Profits dropped at Delek Group last year despite a strong showing from its North Sea business, Ithaca Energy.
Israel-based Delek also said it continued to look for new investments in the North Sea.
The group is focused on the development of core assets in the Eastern Mediterranean and expansion in global exploration and production markets.
Production at Ithaca averaged 16,100 barrels of oil equivalent (boe) per day last year, up from 13,900 boe per day in 2017.
Ithaca, which was taken over by Delek in 2017, also managed to lower its production costs to $18.6 per barrel, from $19.2 previously.
Aberdeen-headquartered Ithaca completed deals to buy the remaining stakes in its flagship Greater Stella Area from Petrofac and Dyas last year, and achieved first oil from the Harrier field.

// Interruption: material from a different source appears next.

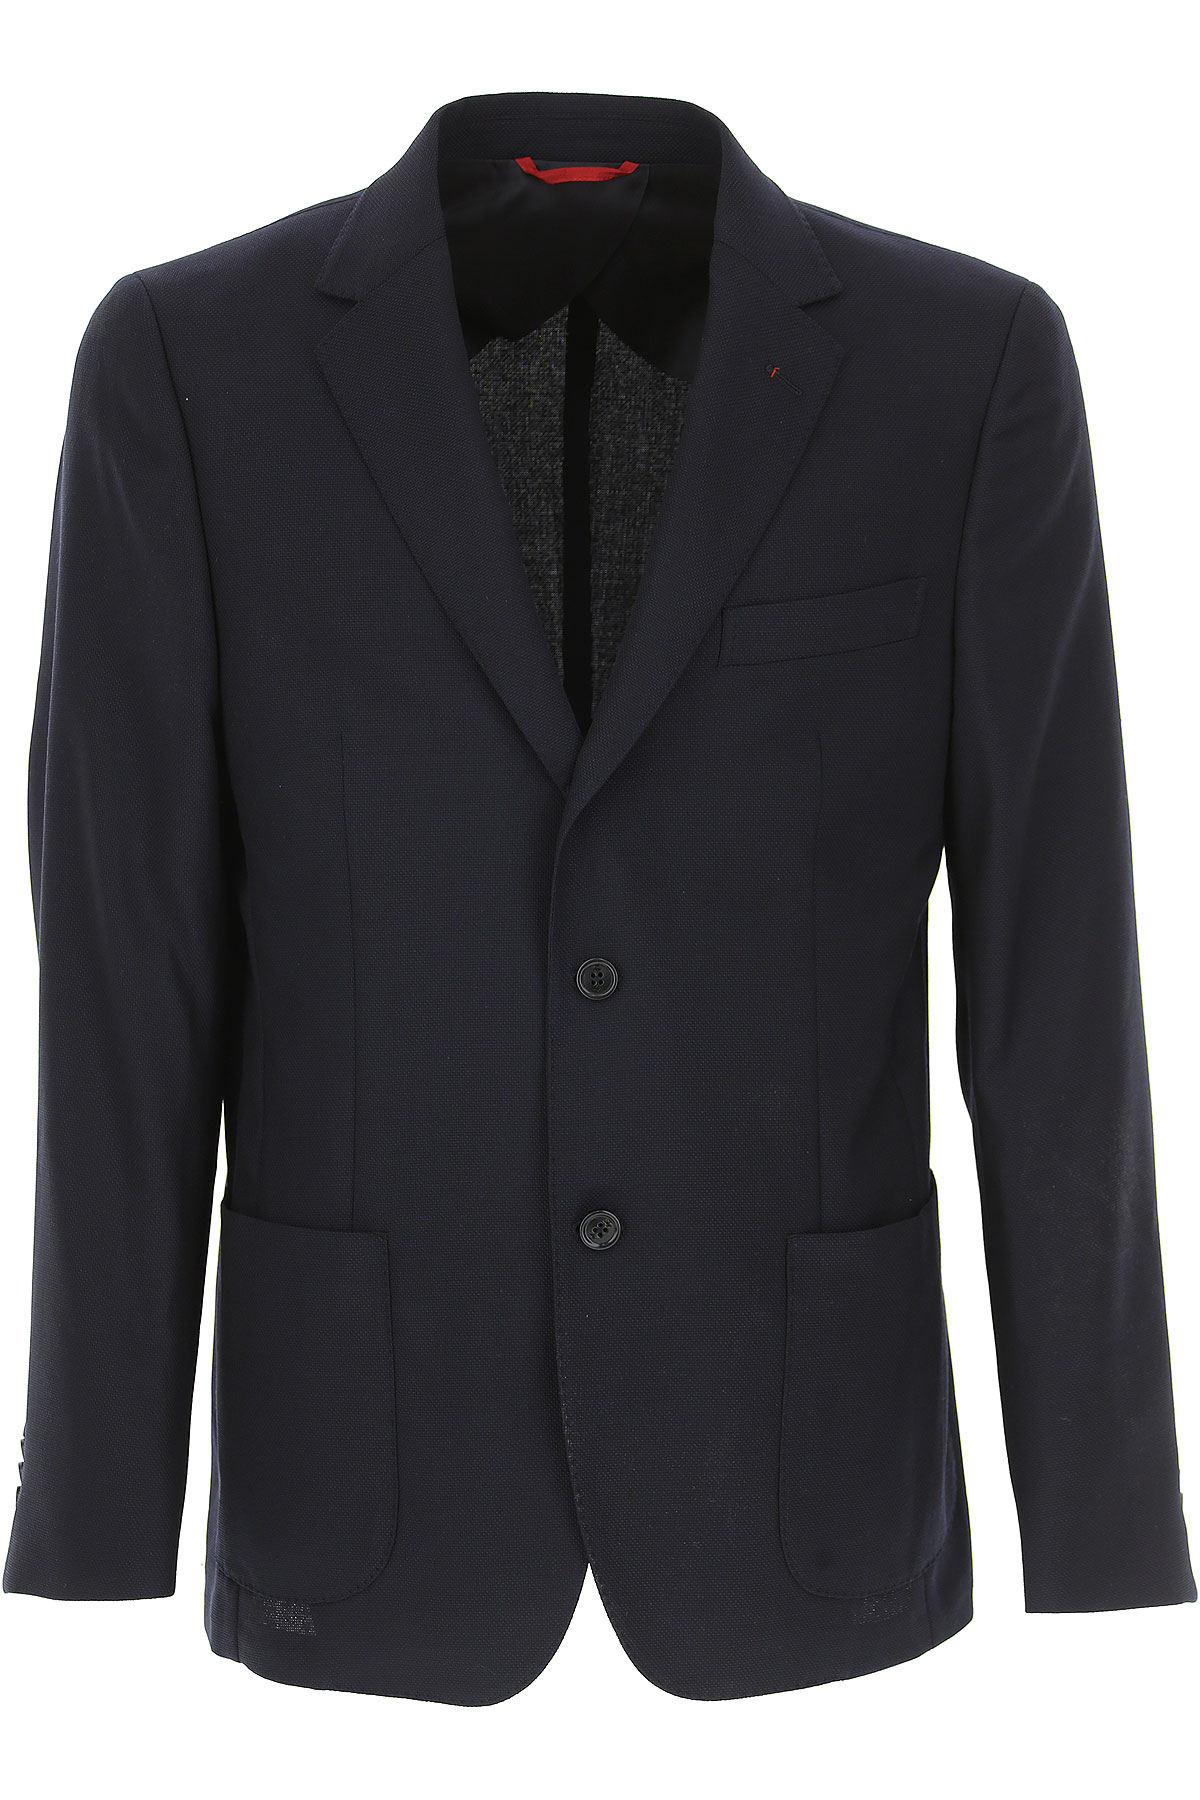 Image of Fay Blazer for Men, Sport Coat, Navy Blue, Wool, 2017, L M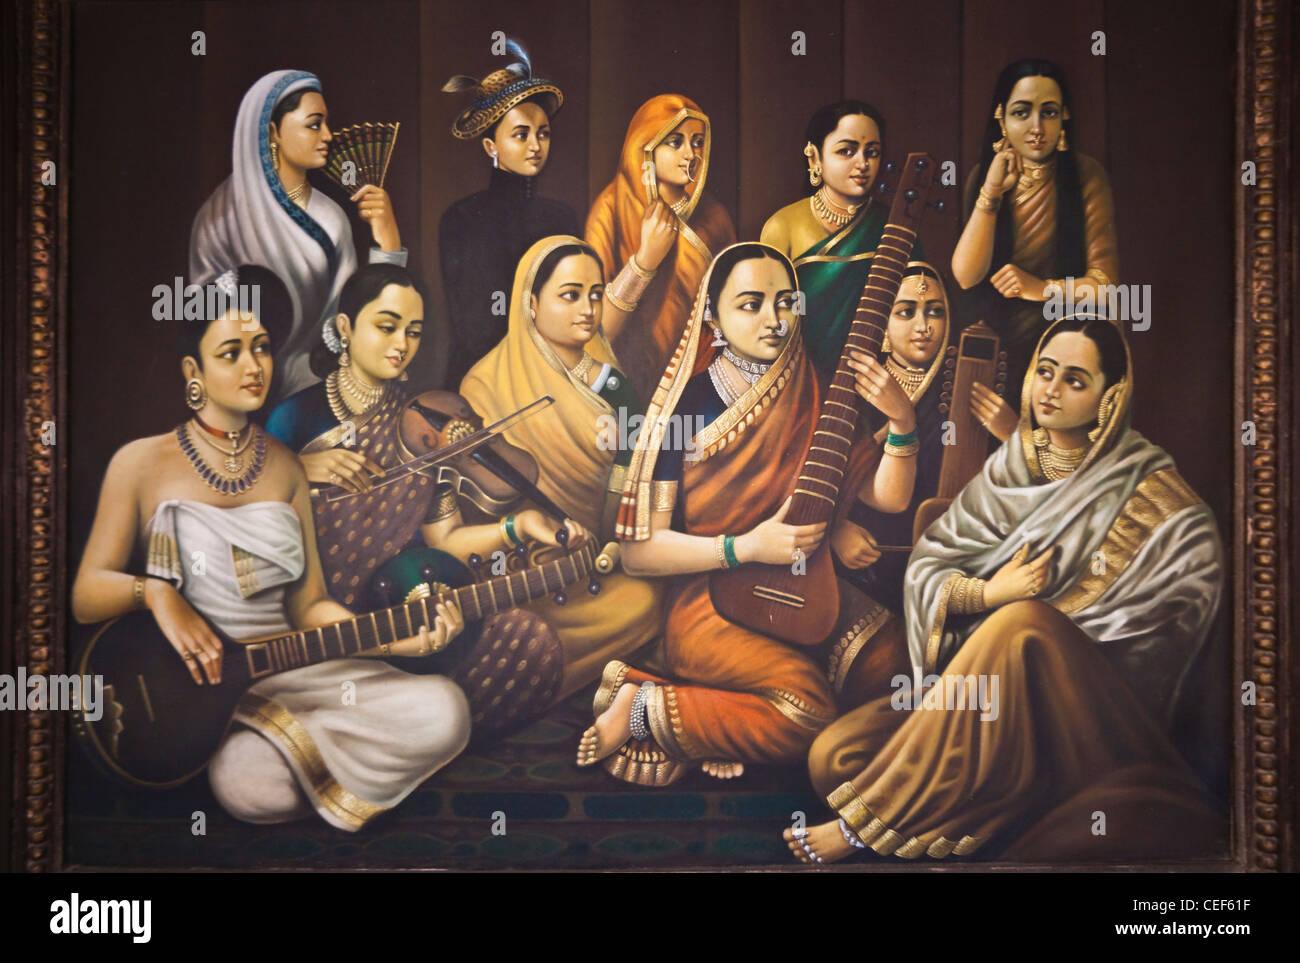 Painting of India girls, Udaipur, Rajasthan, India - Stock Image

And Ithaca completed its debt refinancing in the fourth quarter, increasing its reserves based lending facility to £305m and pushing maturity out to December 2022.
Meanwhile, an additional five-year loan of £230m was arranged with an international consortium of lenders.
Boosted by Ithaca’s performance, revenues at Delek increased by 19% to £1.7 billion last year, but group pre-tax profits dropped to £147m from £340m.
Delek said weak market conditions had forced it to write down the value of its automotive business.
The group recently struck a deal to sell its remaining 30% stake in Phoenix Insurance.
Delek chief executive Asaf Bartfeld said he was looking forward to “further investments abroad” this year.